* **PROBLEM REQUIREMENTS**
Please retype the data in full and exactly; the pictures are not part of the copy.

Start of DATASET CONTENT

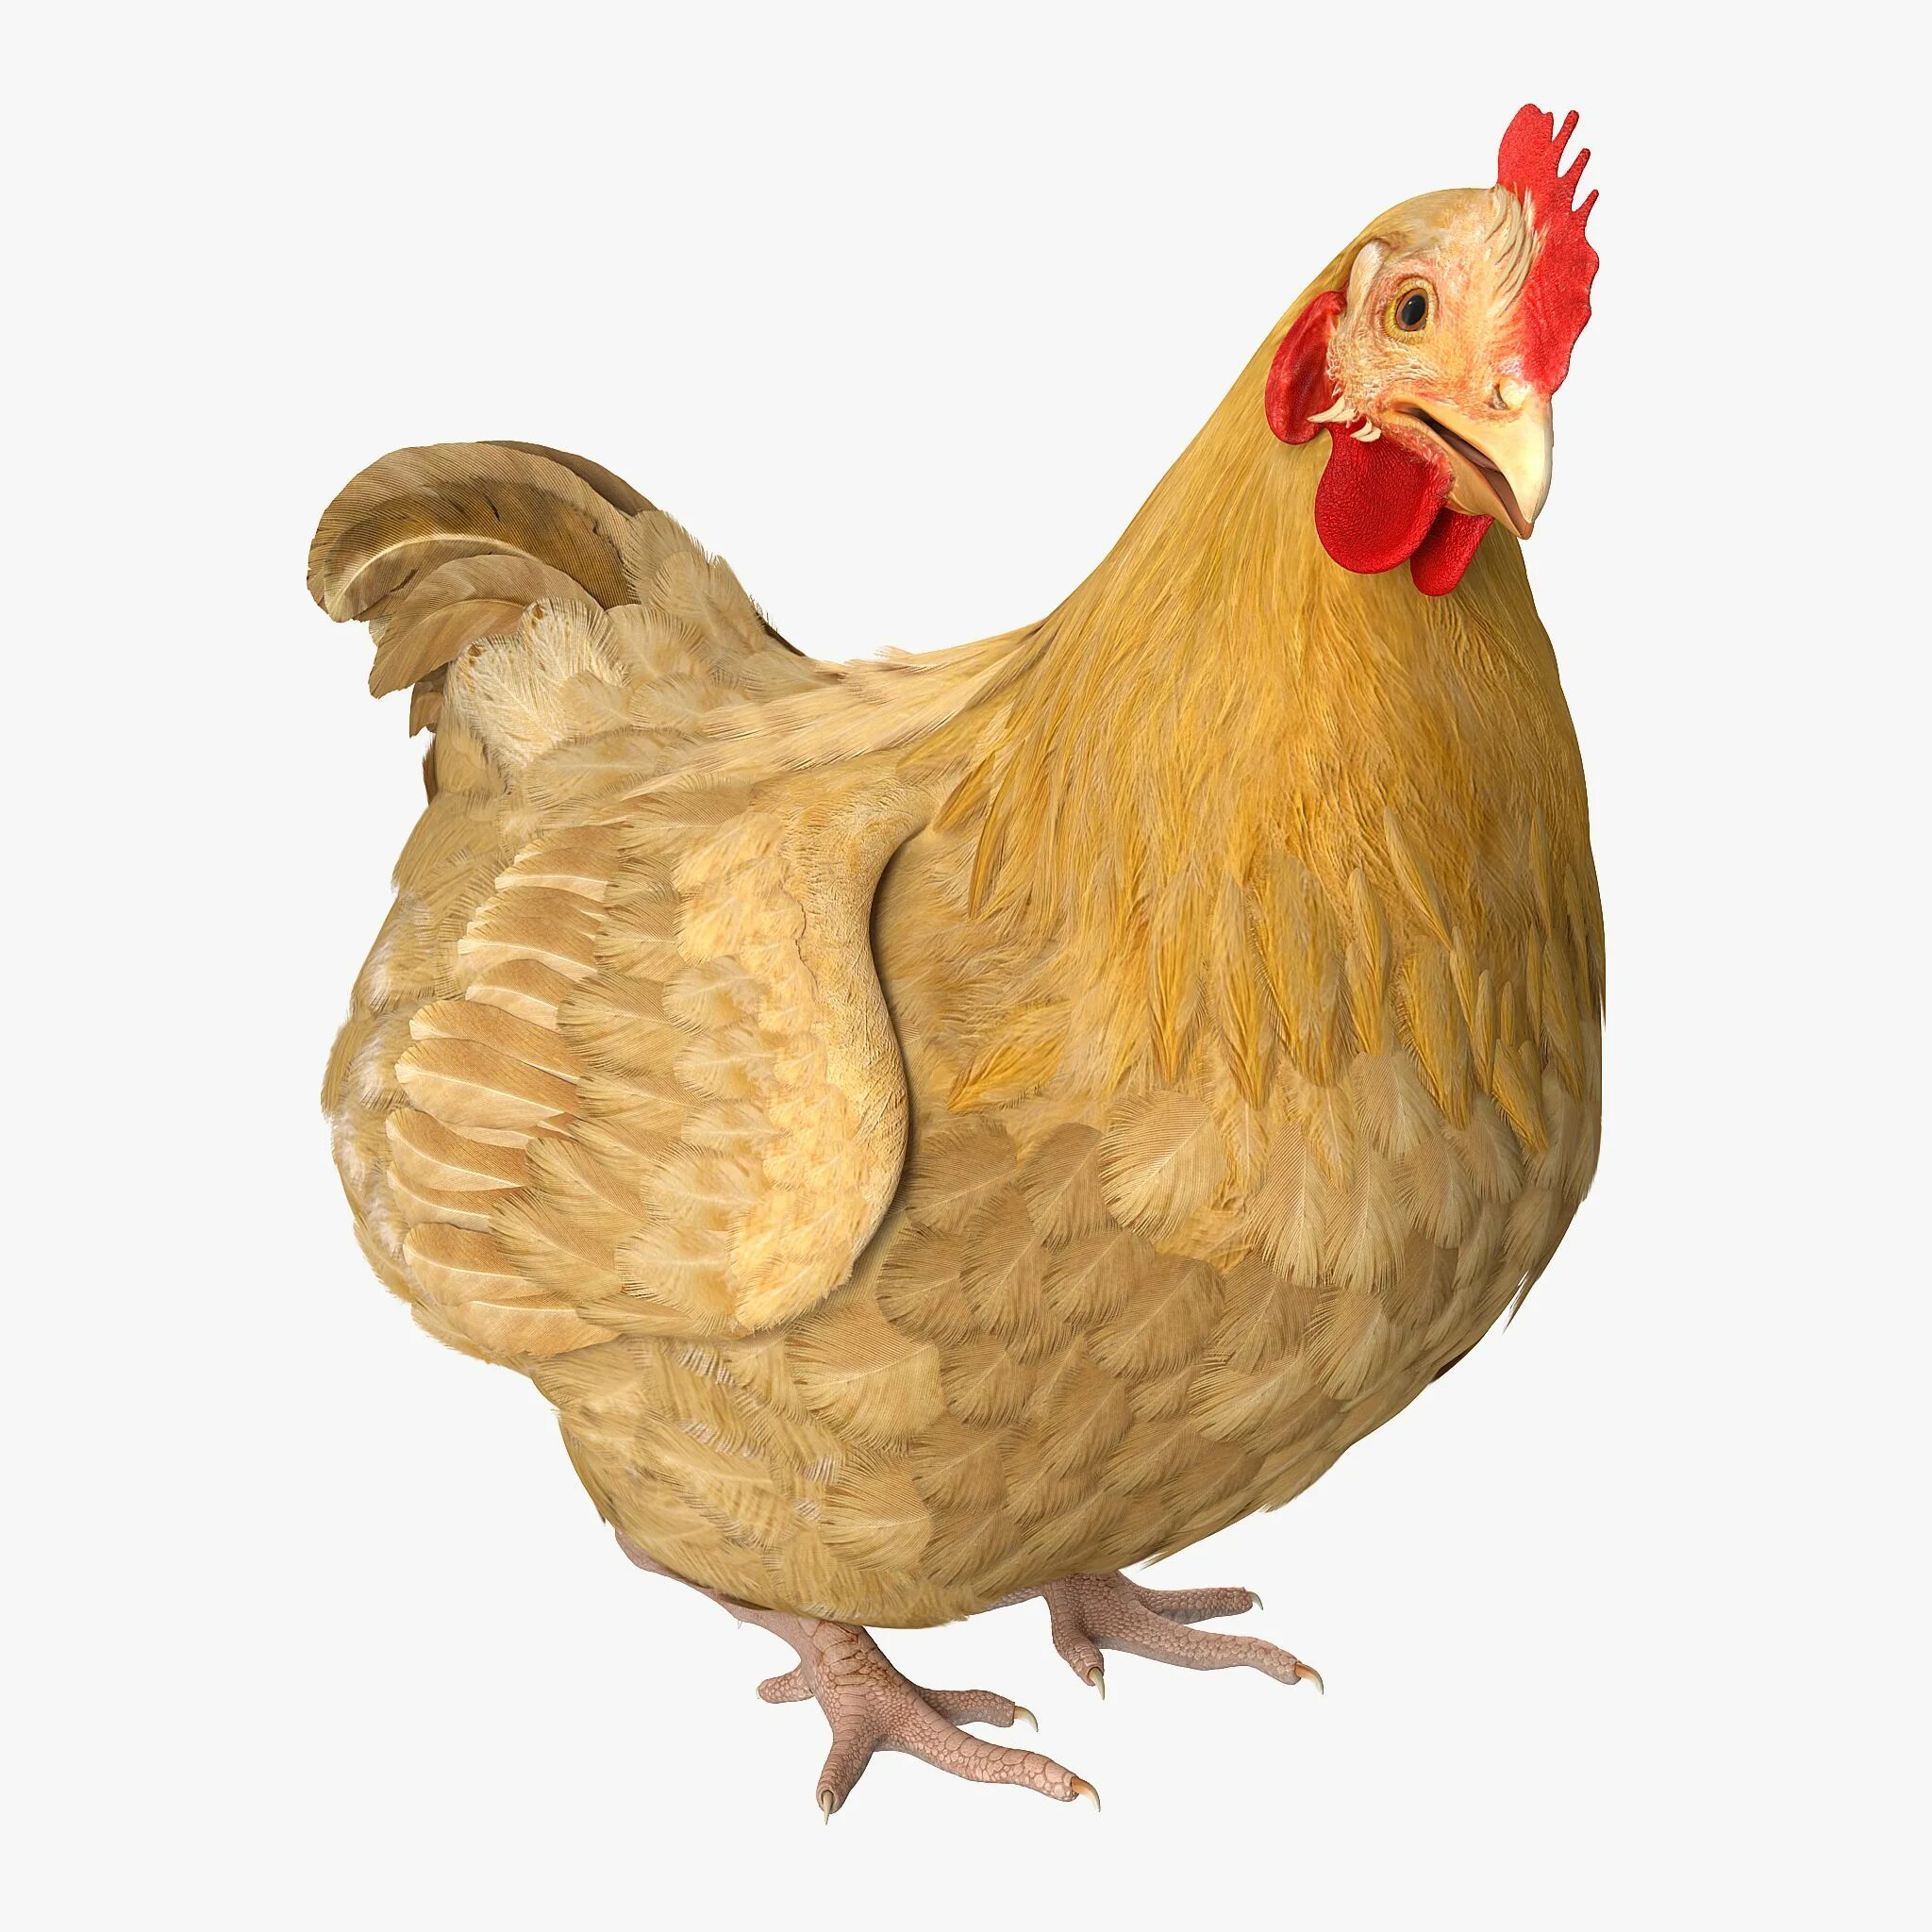 Chicken 3.8 01. Курица 3д модель. Курочка 3 д модель. 3d модель курицы.
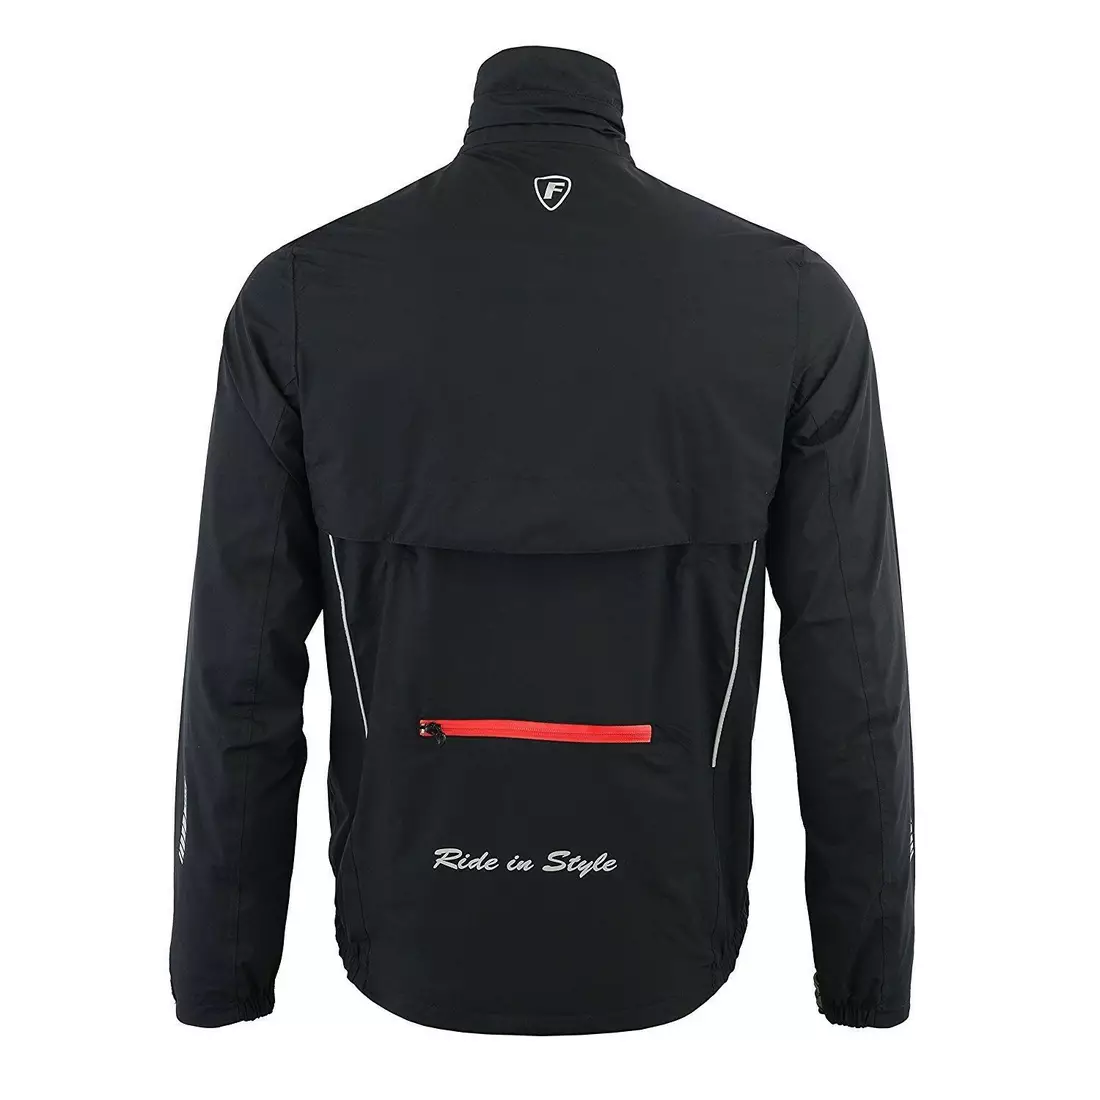 FDX 1410 férfi kerékpáros esőkabát, fekete piros
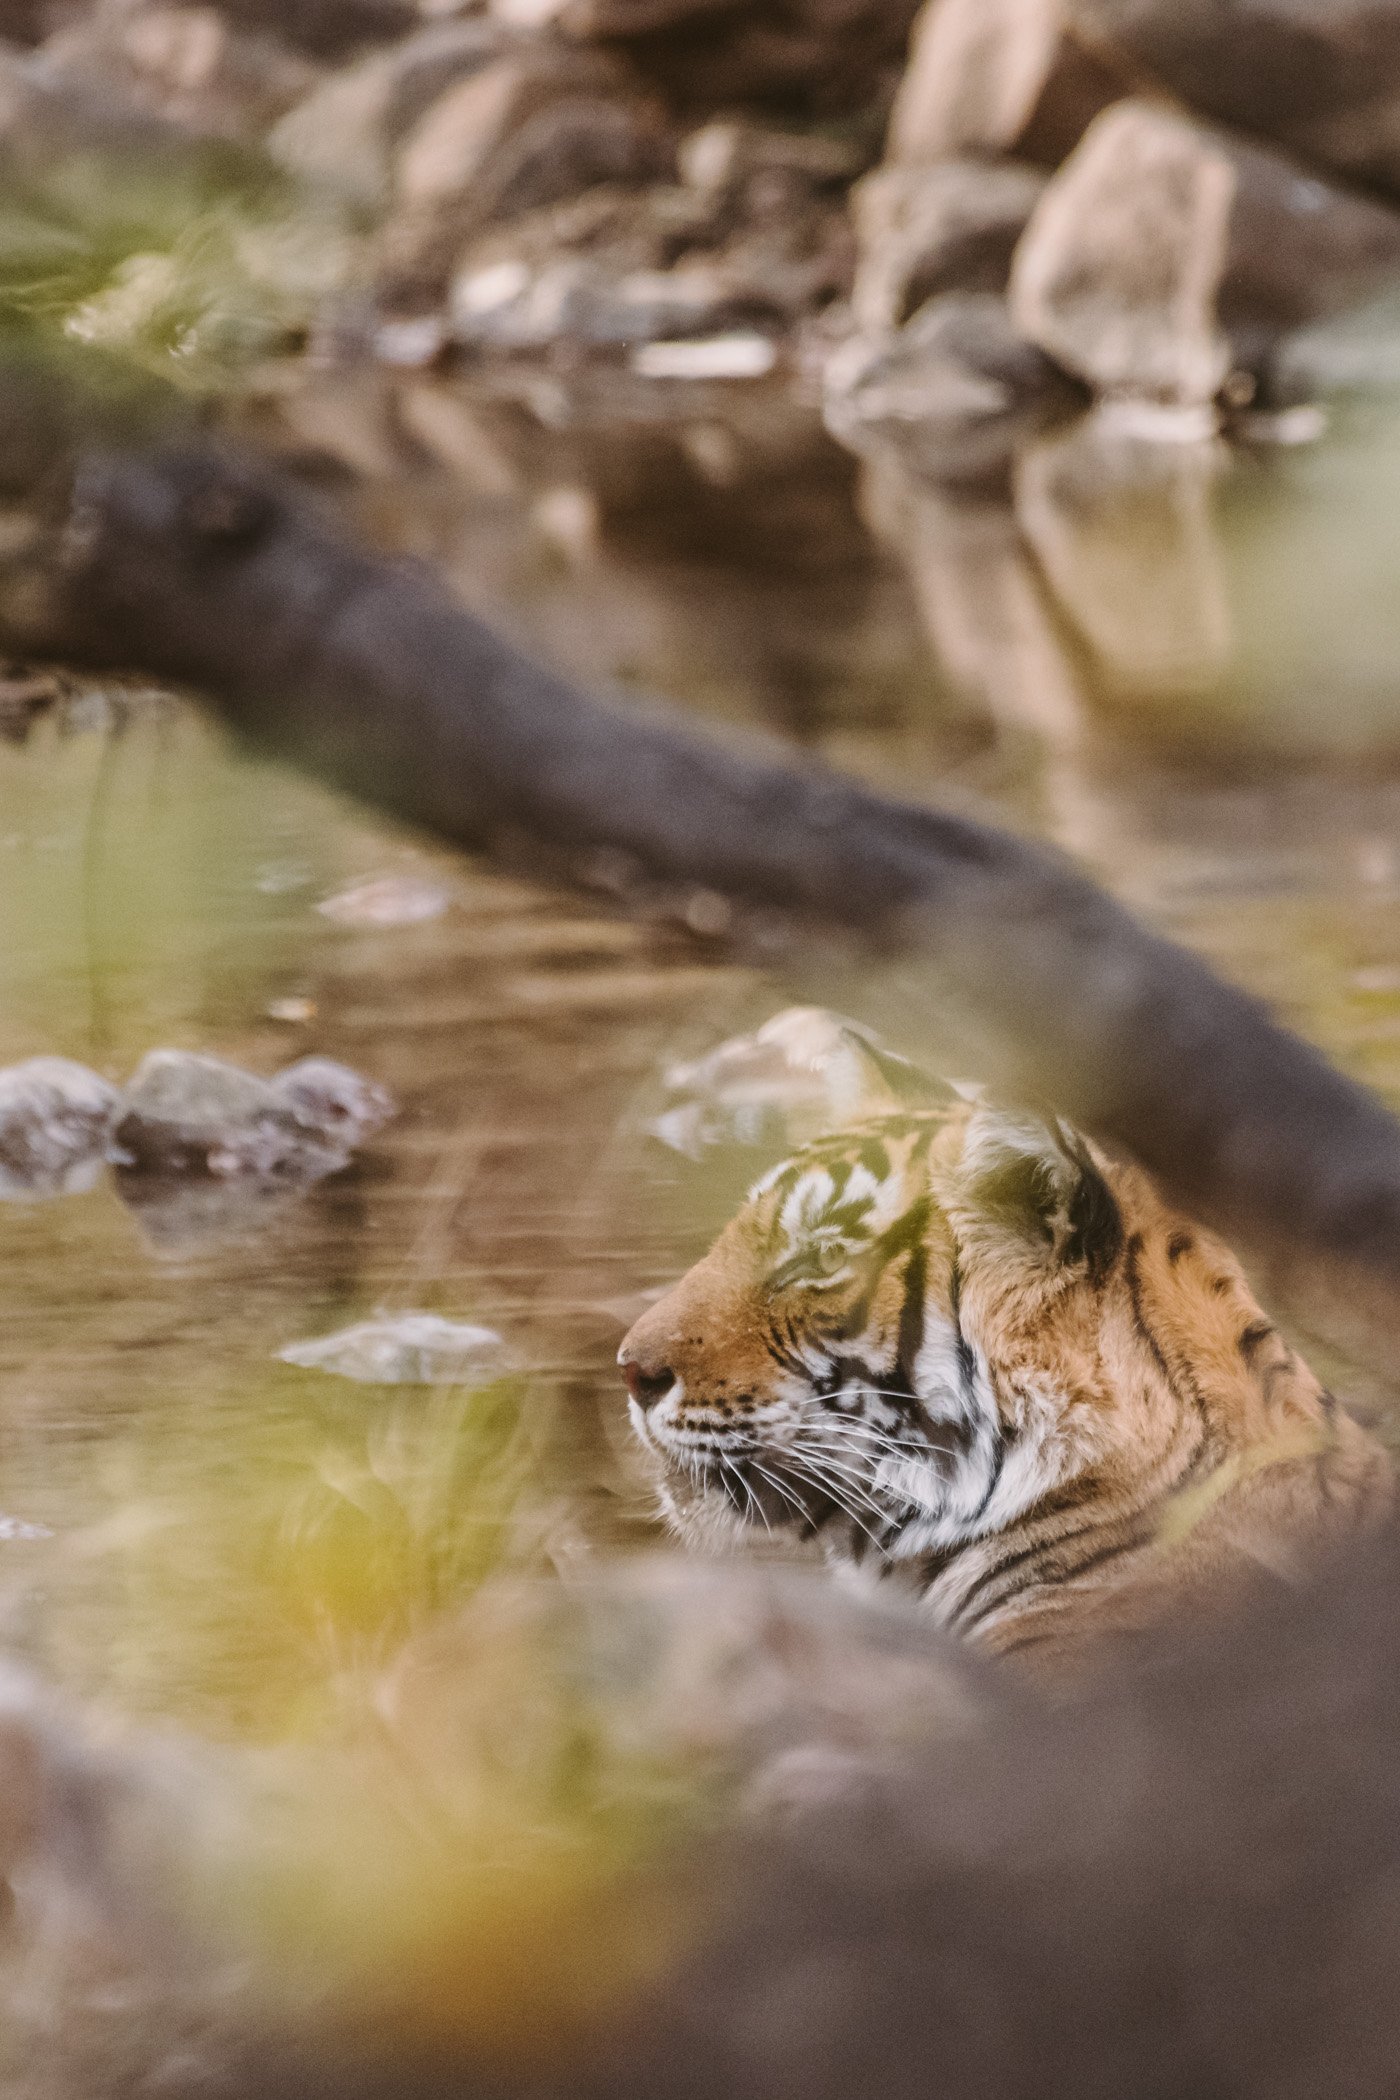 Tiger safari in Ranthambore National Park

End of DATASET CONTENT

* **WRITTEN REPLY**
 Chicken 3.8 01. Курица 3д модель. Курочка 3 д модель. 3d модель курицы.
 FDX 1410 férfi kerékpáros esőkabát, fekete piros
 Tiger safari in Ranthambore National Park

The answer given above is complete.